Therefore, in summary, the present invention includes the following features.
The present invention, in the first aspect, is a method for detecting malignant pleural mesothelioma, wherein in a biological sample from a subject, at least selected from the group consisting of TMEM30B gene, KAZALD1 gene and MAPK13 gene Detecting the methylation of one gene, and determining that the gene is a malignant pleural mesothelioma when the gene is methylated.

  In the second aspect, the present invention also relates to a method for determining the prognosis of a subject suffering from malignant pleural mesothelioma, comprising a TMEM30B gene, a KAZALD1 gene, and a MAPK13 gene in a biological sample from the subject. Measuring the degree of methylation of at least one gene selected from the group, wherein the prognosis of the disease is good when the degree of methylation of the gene is low compared to the degree of methylation of subjects with poor prognosis And providing the above method.

  In each of the above two invention embodiments, the above method detects or measures the methylation of the base sequence of the CpG region of the TMEM30B gene, KAZALD1 gene, or MAPK13 gene promoter.

  In another embodiment, the base sequence of the CpG region of the promoter includes the base sequence shown in SEQ ID NO: 78, 79 or 80, or a deletion, substitution or addition of one or several bases in the base sequence. And a base sequence having promoter activity.

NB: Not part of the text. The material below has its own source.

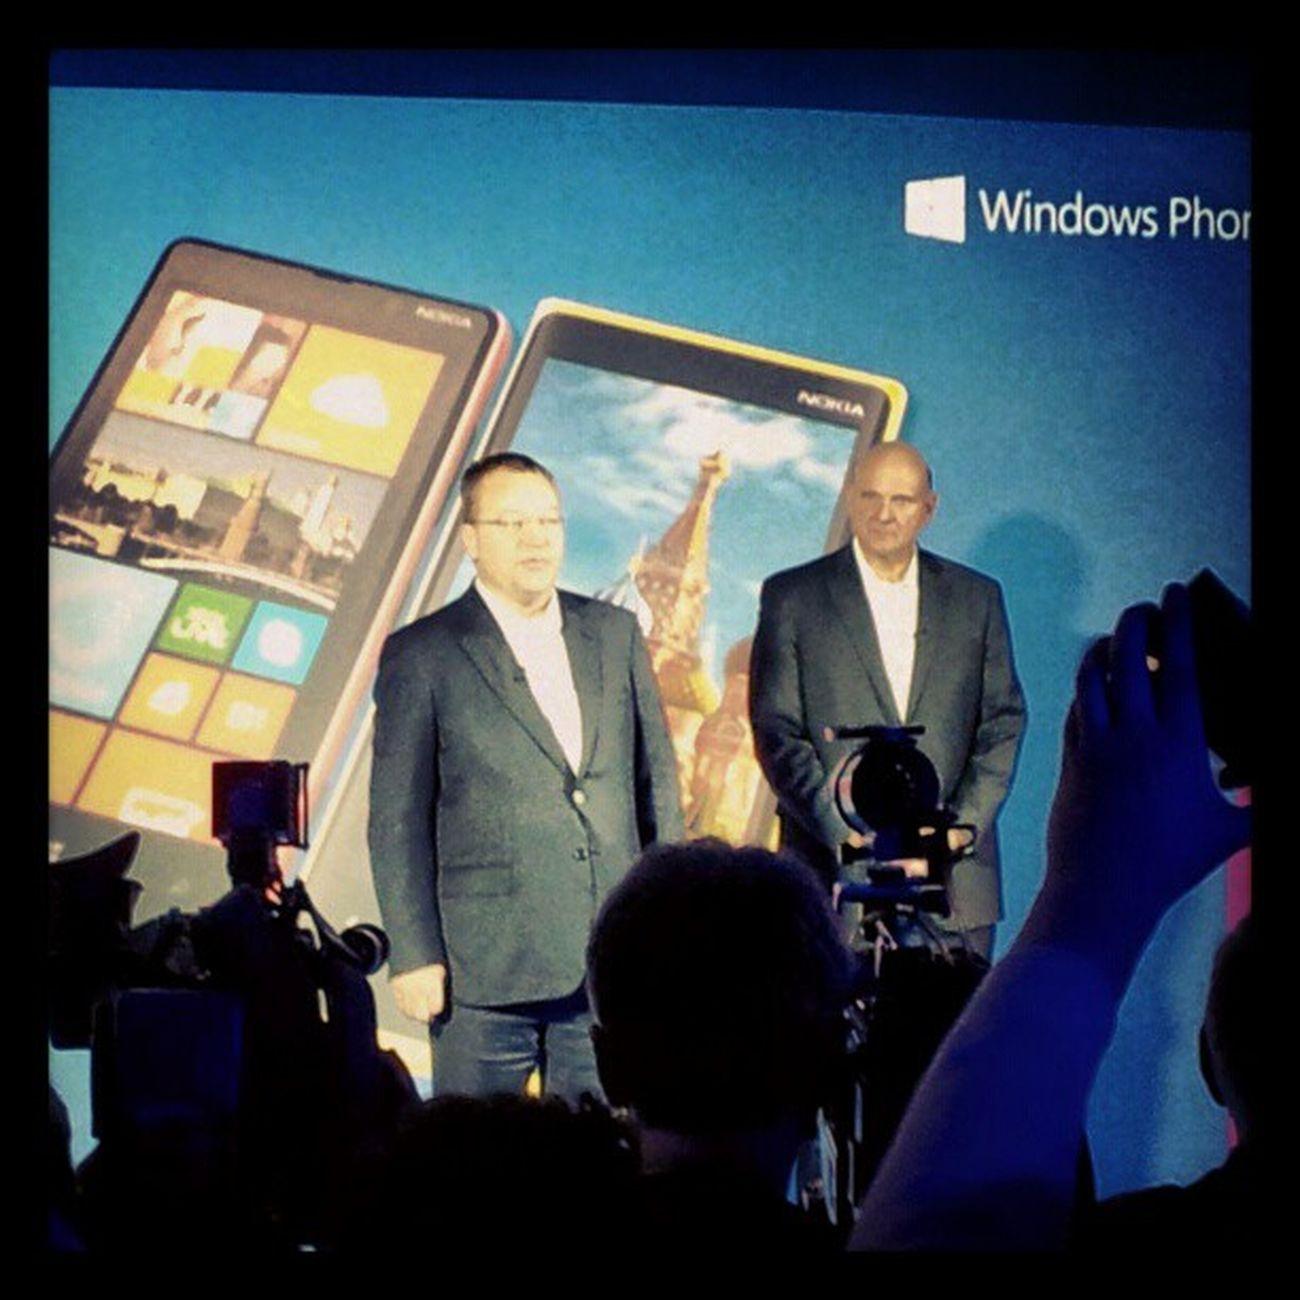 SteveBallmer и StephenElop NOKIAWIN Nokia  Lumia

In another embodiment, the methylation is detected by a methylation specific PCR method.
In another embodiment, a primer for use in the PCR method described above is a deletion, substitution or substitution of one or several bases in the base sequence shown in SEQ ID NO: 78, 79 or 80, or in the base sequence. A sequence consisting of consecutive 17 to 35 bases in the base sequence containing an addition and having promoter activity is selected as a methylation specific primer and / or an unmethylation specific primer.

  In another embodiment, the sample is serum, pleural effusion, bronchial lavage fluid or affected tissue.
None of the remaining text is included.